Exercise: Please reproduce the final stretch of the listing below: the line that contains "Błyszczyk do ust" and all lines after it, verbatim, with nothing else.

Entries shown:
◆ ◆ ◆
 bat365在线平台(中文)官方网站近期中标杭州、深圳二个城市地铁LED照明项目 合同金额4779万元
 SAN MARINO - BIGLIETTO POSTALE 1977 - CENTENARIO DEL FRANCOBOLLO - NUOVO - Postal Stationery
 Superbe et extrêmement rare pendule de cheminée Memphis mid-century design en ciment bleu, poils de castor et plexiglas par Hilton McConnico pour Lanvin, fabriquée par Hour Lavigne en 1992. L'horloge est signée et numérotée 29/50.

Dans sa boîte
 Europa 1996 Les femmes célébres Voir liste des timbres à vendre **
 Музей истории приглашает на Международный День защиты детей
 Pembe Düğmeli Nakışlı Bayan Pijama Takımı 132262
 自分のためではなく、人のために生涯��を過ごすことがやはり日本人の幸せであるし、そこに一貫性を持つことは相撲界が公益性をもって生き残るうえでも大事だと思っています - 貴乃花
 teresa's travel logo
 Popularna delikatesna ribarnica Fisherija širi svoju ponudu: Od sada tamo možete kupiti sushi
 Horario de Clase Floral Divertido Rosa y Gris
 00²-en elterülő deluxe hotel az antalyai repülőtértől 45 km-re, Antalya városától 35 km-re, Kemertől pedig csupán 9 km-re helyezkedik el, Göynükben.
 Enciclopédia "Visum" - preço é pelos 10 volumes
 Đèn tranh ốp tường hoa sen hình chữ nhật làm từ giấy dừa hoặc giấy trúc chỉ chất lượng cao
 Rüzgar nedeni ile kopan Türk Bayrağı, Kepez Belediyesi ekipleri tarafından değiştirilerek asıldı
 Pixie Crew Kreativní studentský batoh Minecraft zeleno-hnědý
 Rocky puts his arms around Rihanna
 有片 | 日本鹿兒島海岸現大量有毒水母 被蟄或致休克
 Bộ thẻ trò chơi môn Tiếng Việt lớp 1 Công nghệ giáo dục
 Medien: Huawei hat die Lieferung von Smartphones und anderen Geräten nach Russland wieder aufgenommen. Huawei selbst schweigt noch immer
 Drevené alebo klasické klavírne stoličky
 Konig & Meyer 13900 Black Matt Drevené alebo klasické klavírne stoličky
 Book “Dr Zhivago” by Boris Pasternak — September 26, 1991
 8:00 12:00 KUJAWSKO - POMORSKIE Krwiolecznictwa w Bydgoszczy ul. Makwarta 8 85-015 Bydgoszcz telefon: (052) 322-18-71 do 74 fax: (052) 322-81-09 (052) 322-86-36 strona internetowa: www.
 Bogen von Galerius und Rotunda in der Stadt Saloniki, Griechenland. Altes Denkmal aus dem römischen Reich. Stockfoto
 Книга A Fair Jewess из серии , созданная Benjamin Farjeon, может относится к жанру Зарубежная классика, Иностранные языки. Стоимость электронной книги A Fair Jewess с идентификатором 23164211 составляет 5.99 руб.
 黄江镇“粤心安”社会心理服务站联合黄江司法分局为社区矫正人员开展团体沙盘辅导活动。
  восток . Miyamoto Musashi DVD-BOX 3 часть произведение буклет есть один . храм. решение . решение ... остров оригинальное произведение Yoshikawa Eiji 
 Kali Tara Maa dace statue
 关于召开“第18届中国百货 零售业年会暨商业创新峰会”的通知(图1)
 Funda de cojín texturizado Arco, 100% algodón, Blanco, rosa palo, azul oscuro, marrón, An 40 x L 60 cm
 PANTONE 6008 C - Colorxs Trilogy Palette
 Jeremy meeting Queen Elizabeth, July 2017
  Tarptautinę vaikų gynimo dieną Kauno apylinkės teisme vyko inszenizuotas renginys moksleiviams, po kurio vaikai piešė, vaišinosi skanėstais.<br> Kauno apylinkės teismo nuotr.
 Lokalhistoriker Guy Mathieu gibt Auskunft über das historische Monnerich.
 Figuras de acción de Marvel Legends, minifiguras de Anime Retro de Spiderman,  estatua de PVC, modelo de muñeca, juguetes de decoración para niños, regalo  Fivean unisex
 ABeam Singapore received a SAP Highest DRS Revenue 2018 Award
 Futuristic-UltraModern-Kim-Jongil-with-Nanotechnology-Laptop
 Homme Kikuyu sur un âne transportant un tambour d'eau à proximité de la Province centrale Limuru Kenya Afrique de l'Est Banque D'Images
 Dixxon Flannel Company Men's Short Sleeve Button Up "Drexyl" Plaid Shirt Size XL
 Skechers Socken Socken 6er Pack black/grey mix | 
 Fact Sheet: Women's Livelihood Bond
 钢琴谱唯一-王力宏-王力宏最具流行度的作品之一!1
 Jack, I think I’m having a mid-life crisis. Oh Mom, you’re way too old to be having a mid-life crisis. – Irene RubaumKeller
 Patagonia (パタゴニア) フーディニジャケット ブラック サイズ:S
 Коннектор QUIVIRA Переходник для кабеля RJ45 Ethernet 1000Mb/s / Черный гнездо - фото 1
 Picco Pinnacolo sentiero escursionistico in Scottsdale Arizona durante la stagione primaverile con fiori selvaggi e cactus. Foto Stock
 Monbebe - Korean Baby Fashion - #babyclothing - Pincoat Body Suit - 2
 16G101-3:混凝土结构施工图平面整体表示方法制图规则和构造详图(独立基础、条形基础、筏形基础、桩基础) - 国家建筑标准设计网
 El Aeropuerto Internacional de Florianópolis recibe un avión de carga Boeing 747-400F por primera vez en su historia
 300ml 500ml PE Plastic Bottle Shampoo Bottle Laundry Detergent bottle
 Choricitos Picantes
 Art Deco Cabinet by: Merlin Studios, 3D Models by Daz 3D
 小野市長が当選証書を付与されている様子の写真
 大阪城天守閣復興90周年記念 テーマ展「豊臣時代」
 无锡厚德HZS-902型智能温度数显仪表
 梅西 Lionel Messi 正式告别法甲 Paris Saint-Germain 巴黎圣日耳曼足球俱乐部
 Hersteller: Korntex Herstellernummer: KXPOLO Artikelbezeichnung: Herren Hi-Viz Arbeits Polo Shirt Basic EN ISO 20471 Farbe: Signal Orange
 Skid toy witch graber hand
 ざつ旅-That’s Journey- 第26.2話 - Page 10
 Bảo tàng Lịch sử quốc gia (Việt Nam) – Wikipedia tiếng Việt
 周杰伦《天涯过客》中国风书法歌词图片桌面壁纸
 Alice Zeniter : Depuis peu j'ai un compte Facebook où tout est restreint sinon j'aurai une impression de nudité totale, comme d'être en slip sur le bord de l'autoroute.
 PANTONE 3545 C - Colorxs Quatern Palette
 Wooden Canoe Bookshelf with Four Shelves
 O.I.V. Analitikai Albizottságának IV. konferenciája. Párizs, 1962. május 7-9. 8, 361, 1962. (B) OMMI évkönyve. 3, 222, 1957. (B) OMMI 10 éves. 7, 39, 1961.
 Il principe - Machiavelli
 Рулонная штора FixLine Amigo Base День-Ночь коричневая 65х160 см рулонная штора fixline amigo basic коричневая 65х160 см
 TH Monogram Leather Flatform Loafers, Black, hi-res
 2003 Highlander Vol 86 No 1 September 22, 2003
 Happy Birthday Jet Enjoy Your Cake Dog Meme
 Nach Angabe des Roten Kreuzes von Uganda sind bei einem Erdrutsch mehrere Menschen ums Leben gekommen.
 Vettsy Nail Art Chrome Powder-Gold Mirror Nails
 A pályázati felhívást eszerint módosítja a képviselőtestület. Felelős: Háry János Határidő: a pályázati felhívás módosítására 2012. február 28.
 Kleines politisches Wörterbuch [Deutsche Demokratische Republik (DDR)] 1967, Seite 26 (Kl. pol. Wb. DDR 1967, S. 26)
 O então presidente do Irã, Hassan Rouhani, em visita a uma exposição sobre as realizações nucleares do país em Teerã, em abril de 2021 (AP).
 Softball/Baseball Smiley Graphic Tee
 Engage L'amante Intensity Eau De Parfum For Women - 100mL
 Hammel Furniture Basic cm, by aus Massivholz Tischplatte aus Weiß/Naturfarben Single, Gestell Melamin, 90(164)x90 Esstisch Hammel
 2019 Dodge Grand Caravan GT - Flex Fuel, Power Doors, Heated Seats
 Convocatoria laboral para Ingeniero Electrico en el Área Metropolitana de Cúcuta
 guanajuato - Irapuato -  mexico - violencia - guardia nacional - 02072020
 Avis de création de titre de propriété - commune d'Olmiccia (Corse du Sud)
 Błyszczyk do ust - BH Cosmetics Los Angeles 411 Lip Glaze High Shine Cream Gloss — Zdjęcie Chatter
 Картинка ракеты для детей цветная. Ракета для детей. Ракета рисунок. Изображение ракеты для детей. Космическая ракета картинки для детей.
◆ ◆ ◆
Solution:
 Błyszczyk do ust - BH Cosmetics Los Angeles 411 Lip Glaze High Shine Cream Gloss — Zdjęcie Chatter
 Картинка ракеты для детей цветная. Ракета для детей. Ракета рисунок. Изображение ракеты для детей. Космическая ракета картинки для детей.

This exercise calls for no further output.